Activity: An exact copy is needed of the lines in the entries below from the line with "Watch: Phillies slugger" up to and including the line with "Pick up sticks", and of nothing else. Leave the pictures out.

Data supplied:
- - - - - - -

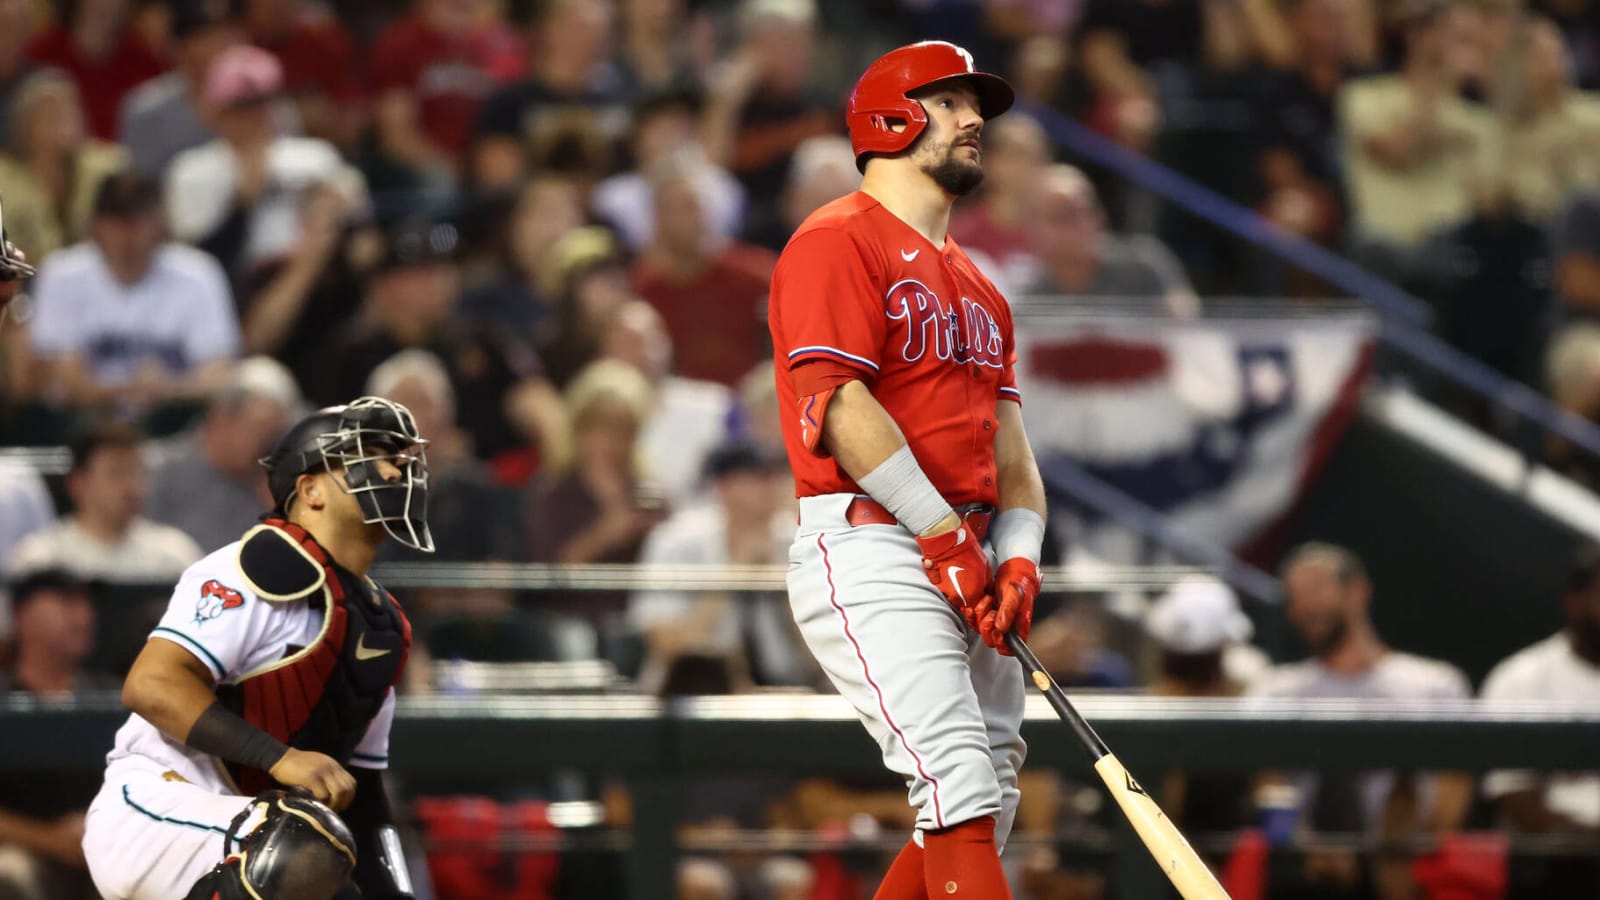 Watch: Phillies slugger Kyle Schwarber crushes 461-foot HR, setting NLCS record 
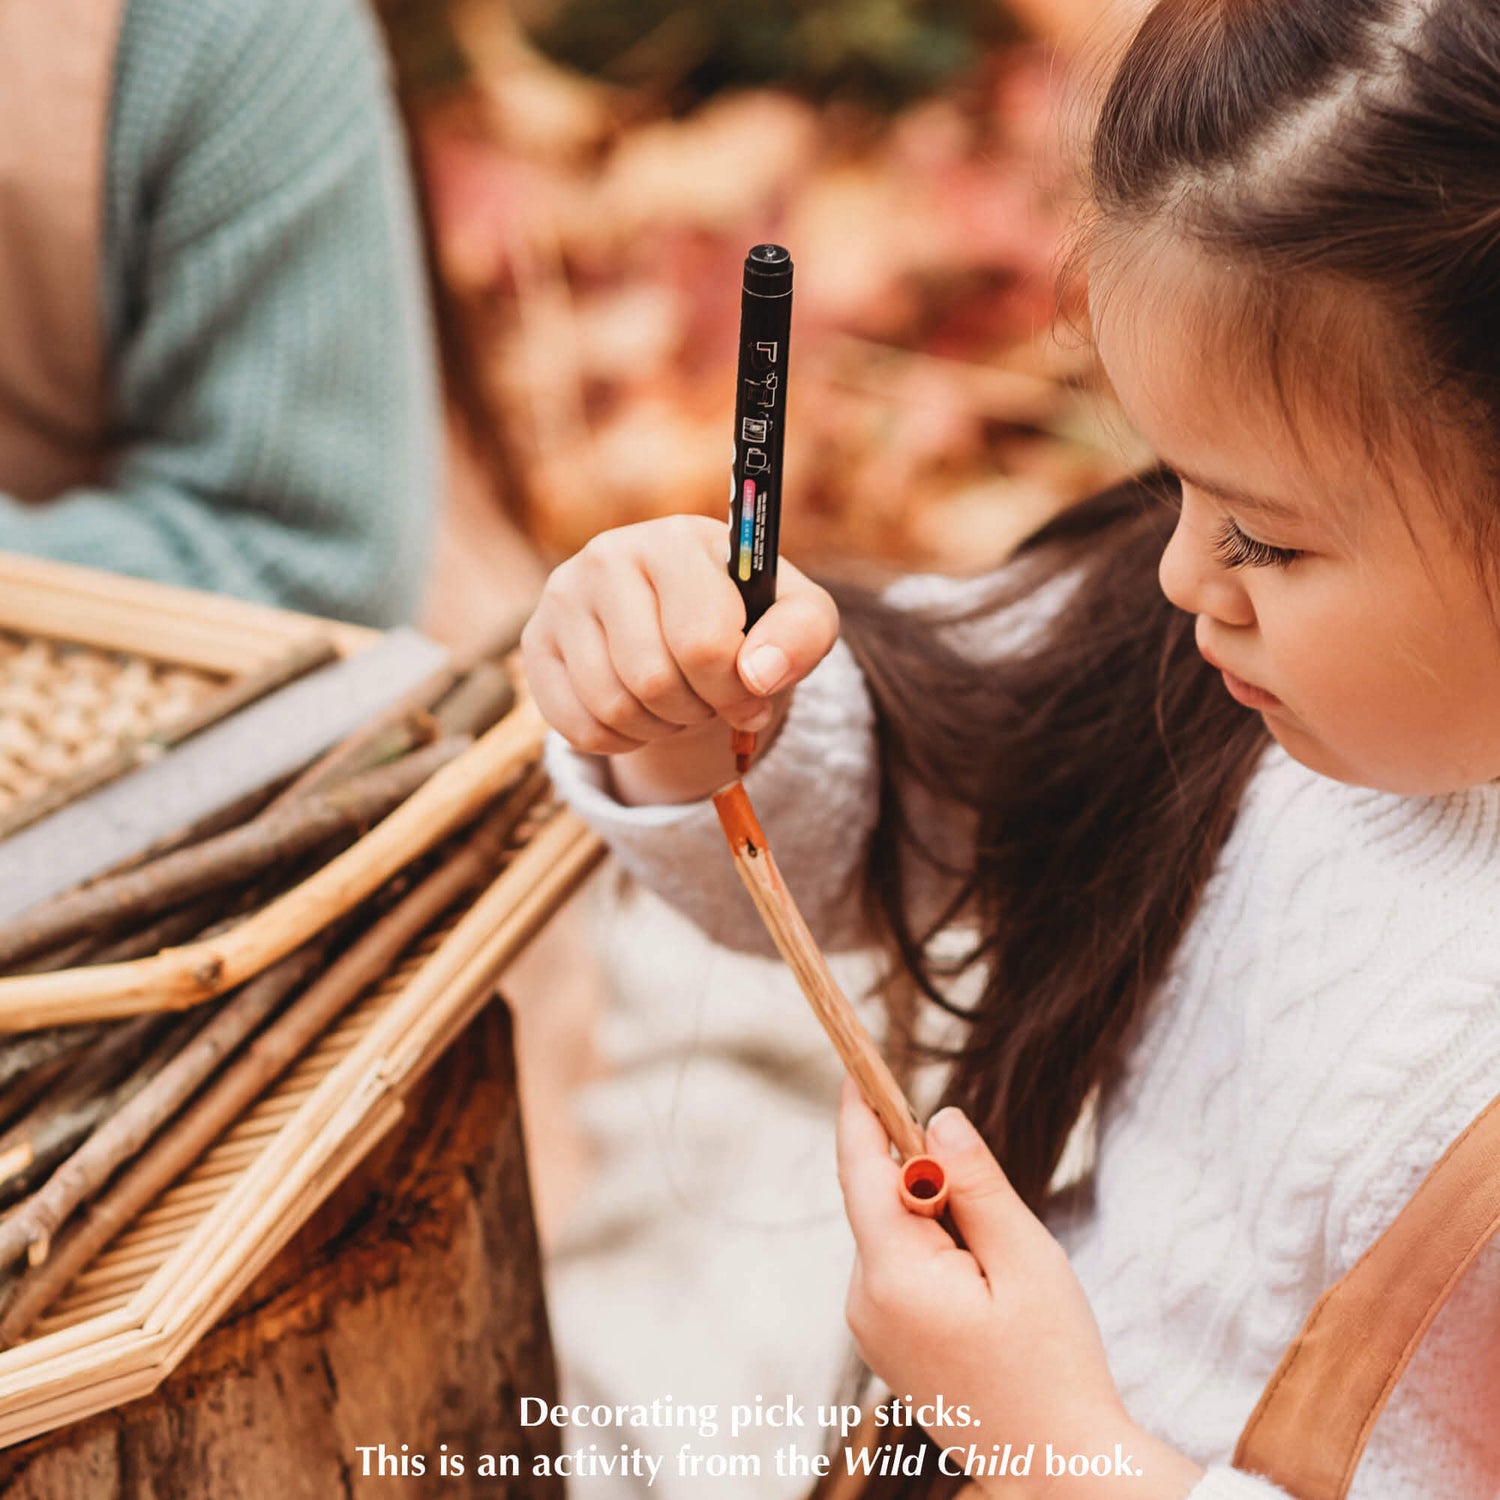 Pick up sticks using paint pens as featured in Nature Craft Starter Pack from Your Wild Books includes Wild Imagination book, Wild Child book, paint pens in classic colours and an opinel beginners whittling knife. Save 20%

- - - - - - -

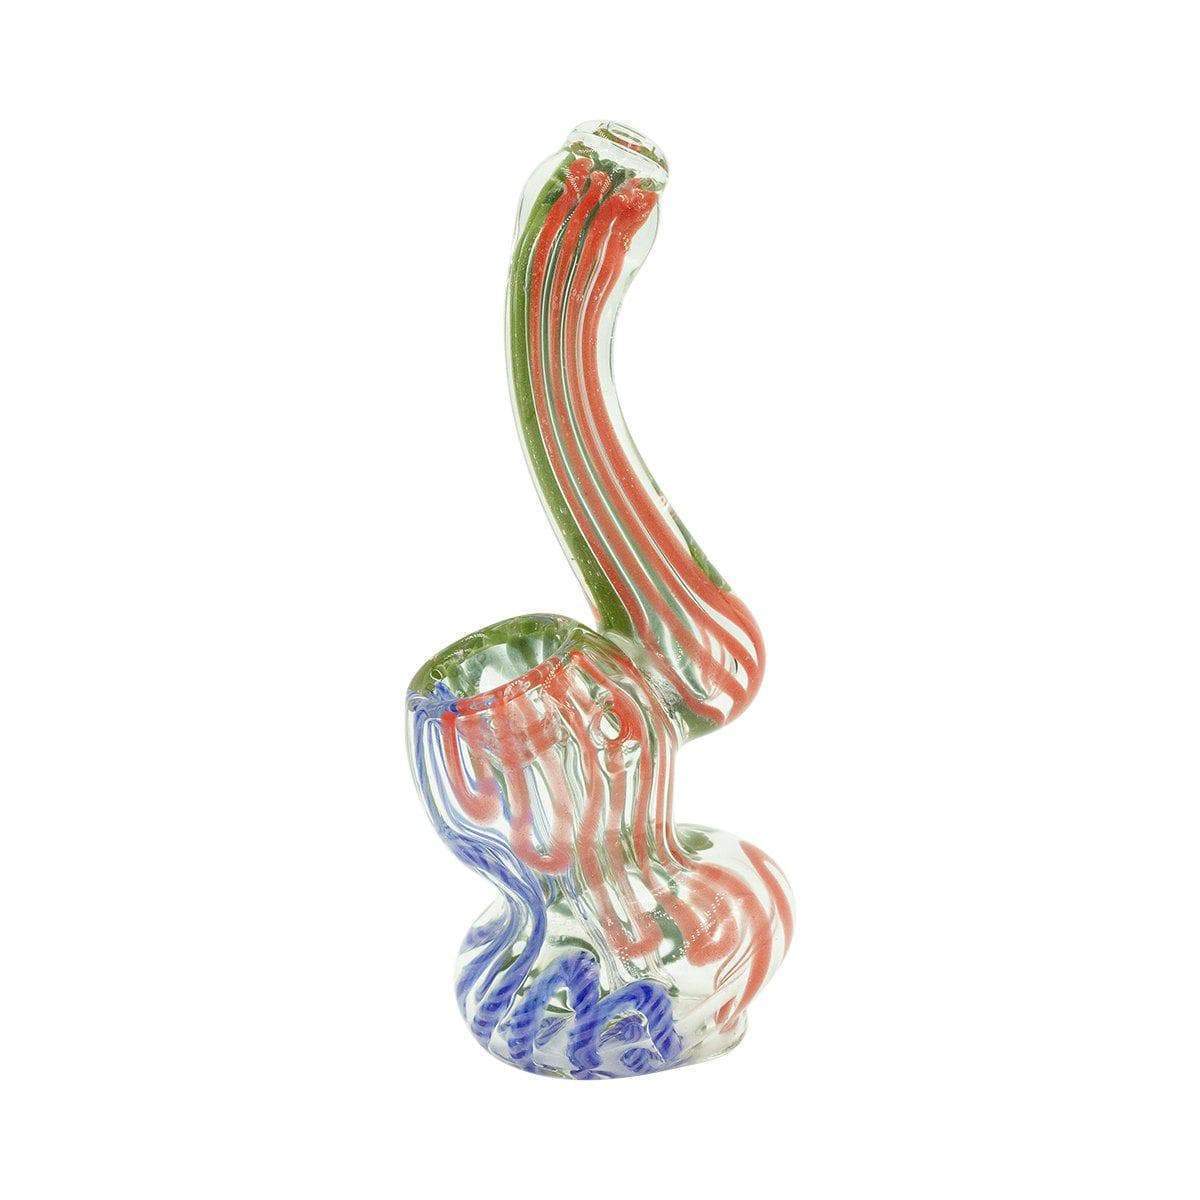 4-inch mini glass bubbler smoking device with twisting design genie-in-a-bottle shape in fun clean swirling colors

- - - - - - -

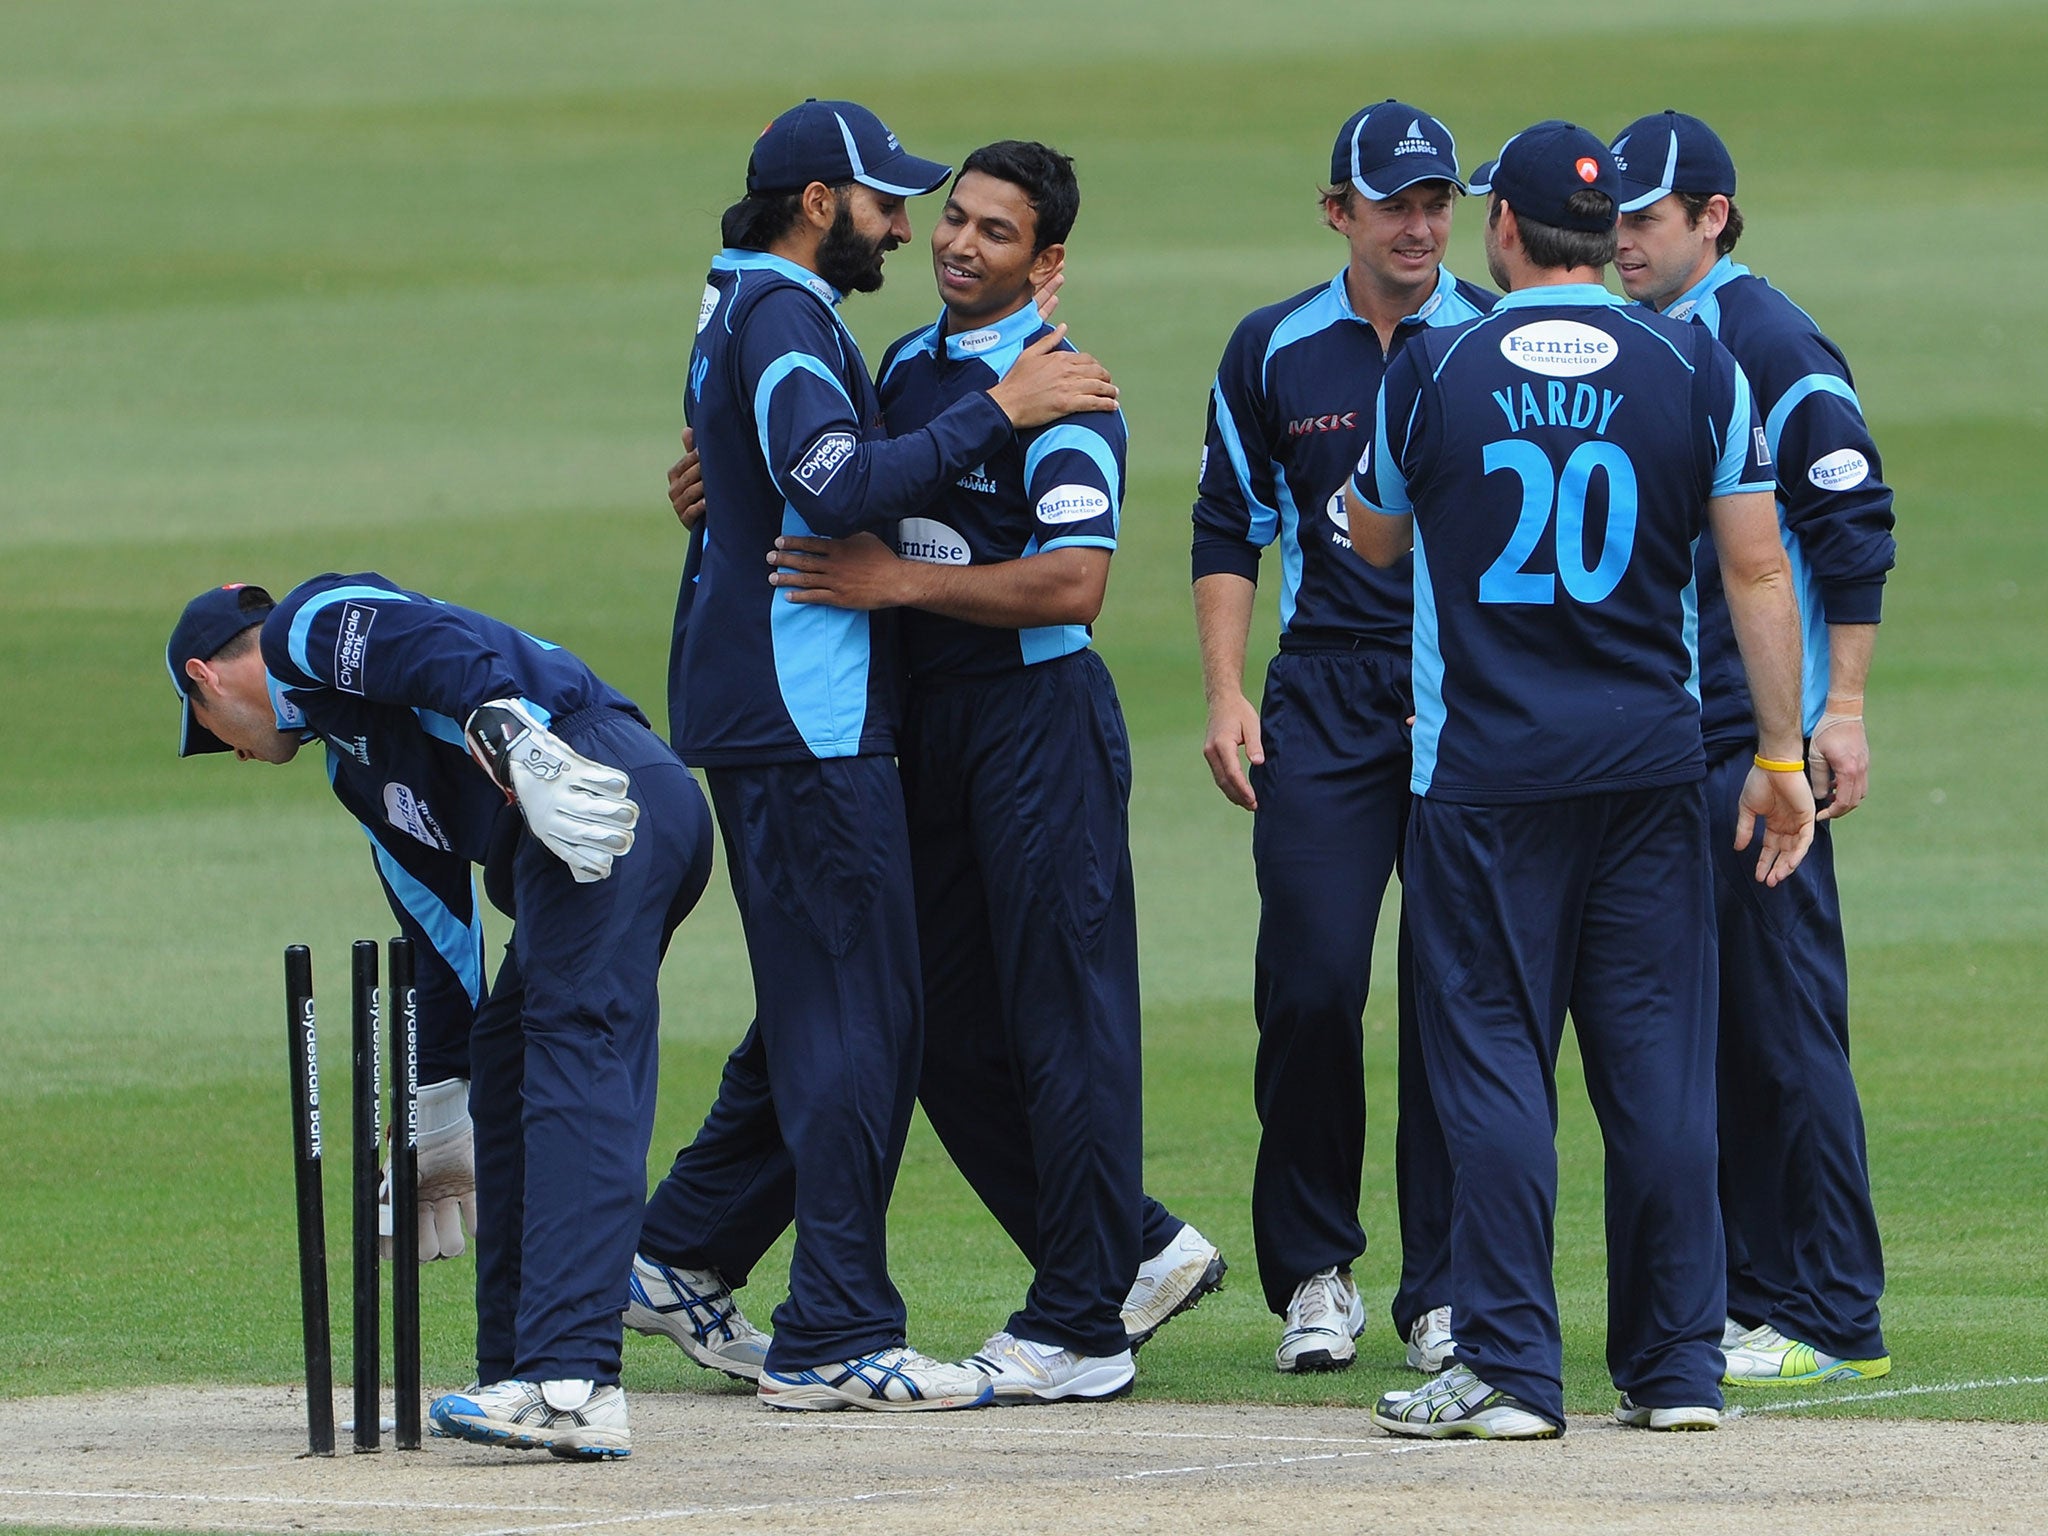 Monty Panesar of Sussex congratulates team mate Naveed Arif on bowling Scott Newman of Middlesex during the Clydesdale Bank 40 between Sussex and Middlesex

- - - - - - -

Answer area:
 Watch: Phillies slugger Kyle Schwarber crushes 461-foot HR, setting NLCS record 
 Pick up sticks using paint pens as featured in Nature Craft Starter Pack from Your Wild Books includes Wild Imagination book, Wild Child book, paint pens in classic colours and an opinel beginners whittling knife. Save 20%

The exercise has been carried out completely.